Added CUDA support for torch.orgqr (#51348)
Summary:
This PR adds support for CUDA inputs for `torch.orgqr`.
CUDA implementation is based on both [cuSOLVER](https://docs.nvidia.com/cuda/cusolver/index.html#cuSolverDN-lt-t-gt-orgqr) and MAGMA. cuSOLVER doesn't have a specialized routine for the batched case.
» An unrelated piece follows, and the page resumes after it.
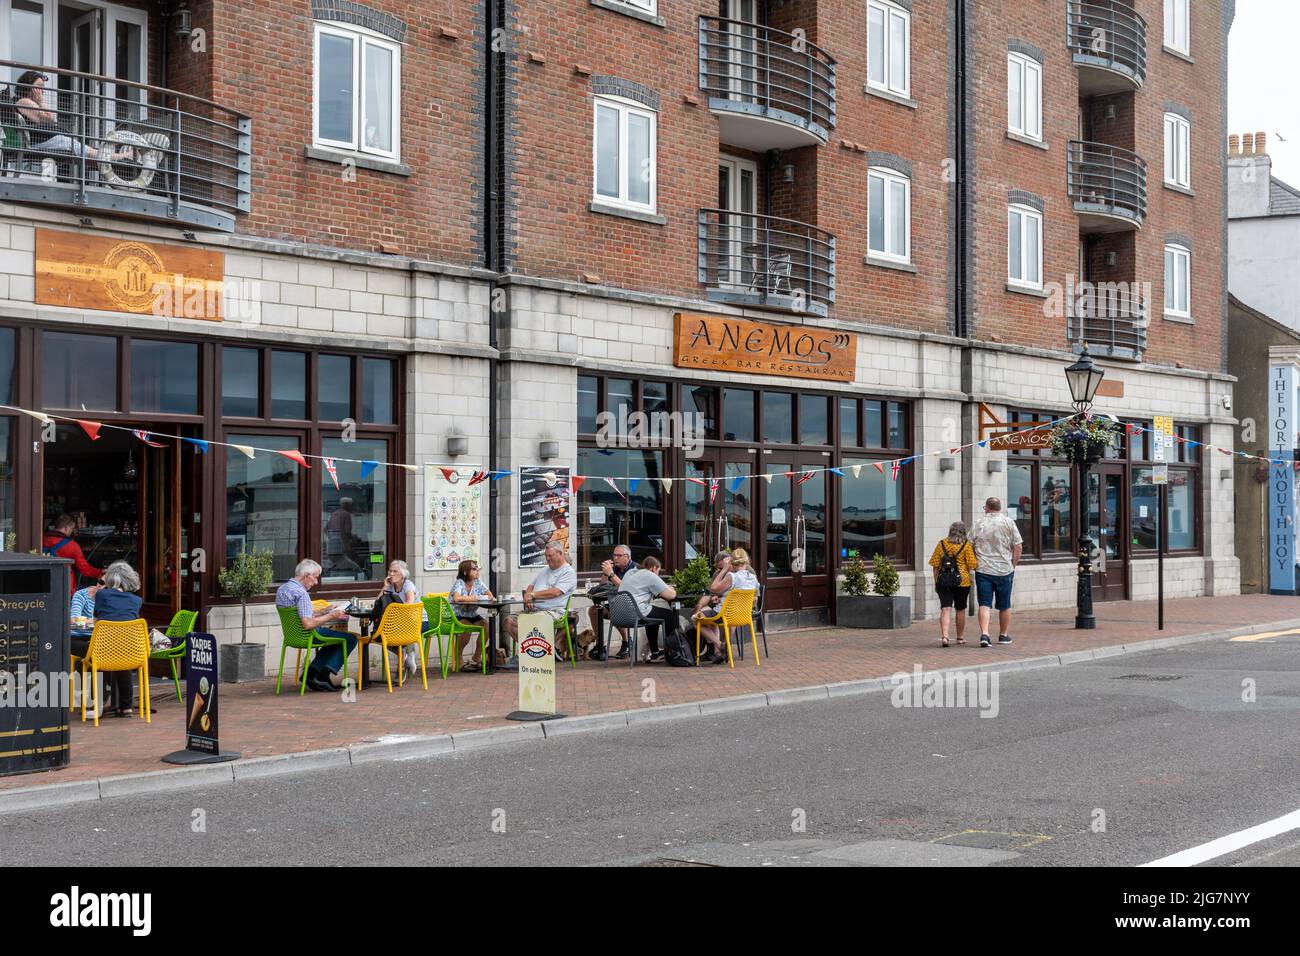 Dîner en plein air à l'extérieur du glacier et restaurant grec sur Poole Quay, Poole, Dorset, Angleterre, Royaume-Uni Banque D'Images

While MAGMA doesn't have a specialized GPU native (without CPU sync) `orgqr`. But MAGMA has implemented (and not documented) the batched GPU native version of `larft` function (for small inputs of size <= 32), which together with `larfb` operation form `orgqr` (see the call graph [here at the end of the page](http://www.netlib.org/lapack/explore-html/da/dba/group__double_o_t_h_e_rcomputational_ga14b45f7374dc8654073aa06879c1c459.html)).
So now there are two main codepaths for CUDA inputs (if both MAGMA and cuSOLVER are available):
* if `batchsize > 1` and `tau.shape[-1] <= 32` then MAGMA based function is called
* else [cuSOLVER's `orgqr`](https://docs.nvidia.com/cuda/cusolver/index.html#cuSolverDN-lt-t-gt-orgqr) is used.
If MAGMA is not available then only cuSOLVER is used and vice versa.
Documentation updates and possibly a new name for this function will be in a follow-up PR.
Ref. https://github.com/pytorch/pytorch/issues/50104
Pull Request resolved: https://github.com/pytorch/pytorch/pull/51348
Reviewed By: ngimel
Differential Revision: D26727918
Pulled By: mruberry
fbshipit-source-id: 1c4d15fa76ba624e341a69a32337a9a16cc01013